Publication year - 2000
Publication title -
movement disorders
Language(s) - English
Resource type - Journals
SCImago Journal Rank - 3.352
H-Index - 198
eISSN - 1531-8257
pISSN - 0885-3185
DOI - 10.1002/1531-8257(200005)15:3<552::aid-mds1020>3.0.co;2-p
Subject(s) - atrophy , caudate nucleus , medicine , huntington's disease , magnetic resonance imaging , central nervous system disease , disease , cardiology , gastroenterology , pathology , radiology
Previous research by our group demonstrated a longitudinal change in caudate volume for symptomatic subjects with Huntington's disease (HD), and suggested that volume of the caudate may be a useful outcome measure for therapeutic studies in symptomatic patients.
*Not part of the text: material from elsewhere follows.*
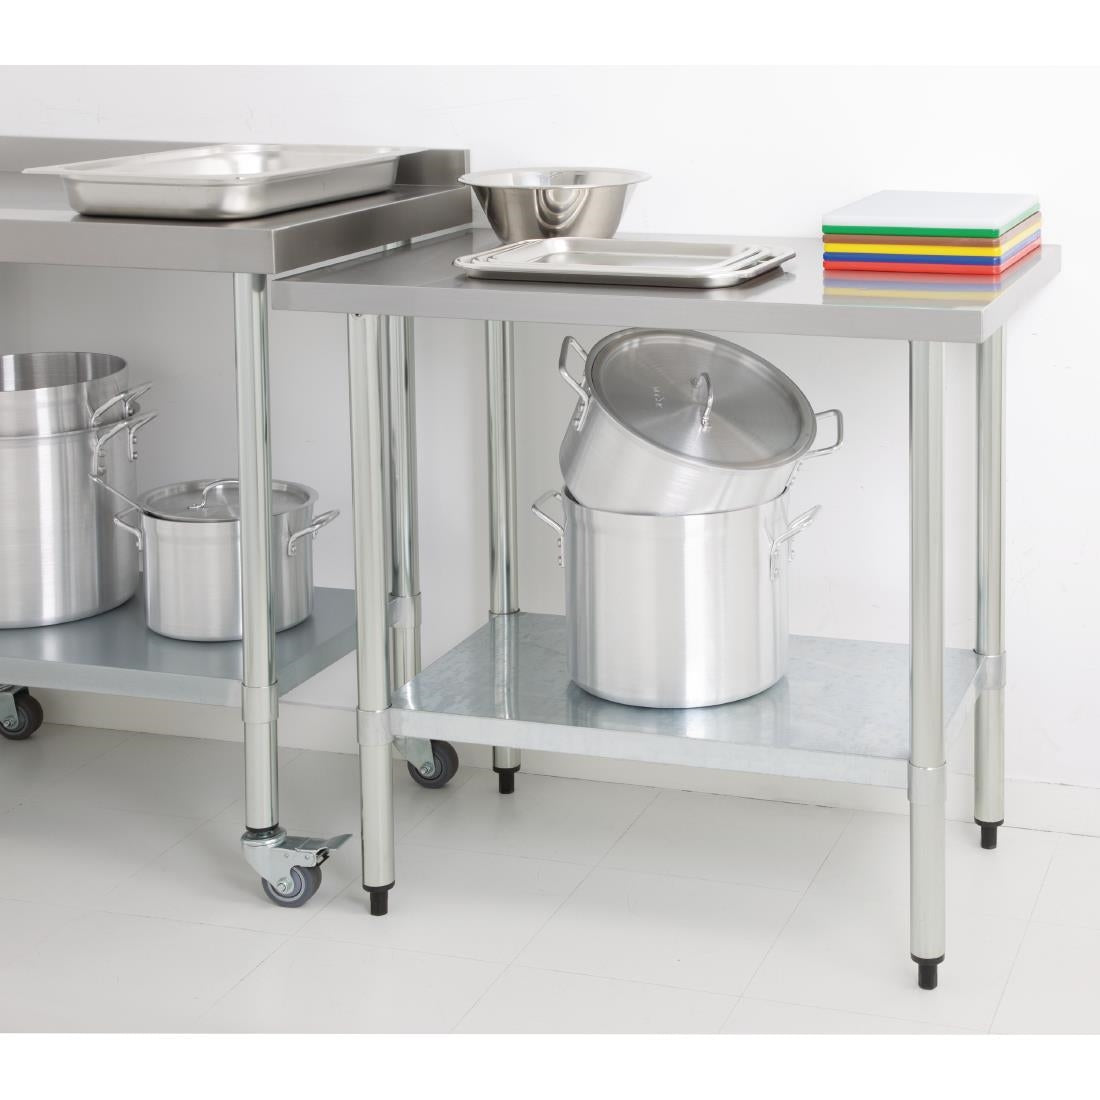 GJ500 Vogue Stainless Steel Prep Table 600mm JD Catering Equipment Solutions Ltd

The current study was designed to determine whether longitudinal change in caudate atrophy could be documented in presymptomatic carriers of the HD gene mutation, and to compare rate of change in these subjects with rate of change in mildly and moderately affected symptomatic patients. We measured caudate volumes on serial magnetic resonance image scans from 30 patients at three stages of HD: 10 presymptomatic; 10 with mild symptoms, as indicated by scores on the Quantified Neurological Exam (QNE) ≤35; and 10 with moderate symptoms (QNE >45). The mean interscan interval was 36 months. When analyzed separately, both symptomatic groups and the presymptomatic group demonstrated a significant change in caudate volume over time. Amount of change over time did not differ significantly among the three groups. We conclude that change in caudate volume may be a useful outcome measure for assessing treatment effectiveness in both presymptomatic and symptomatic subjects.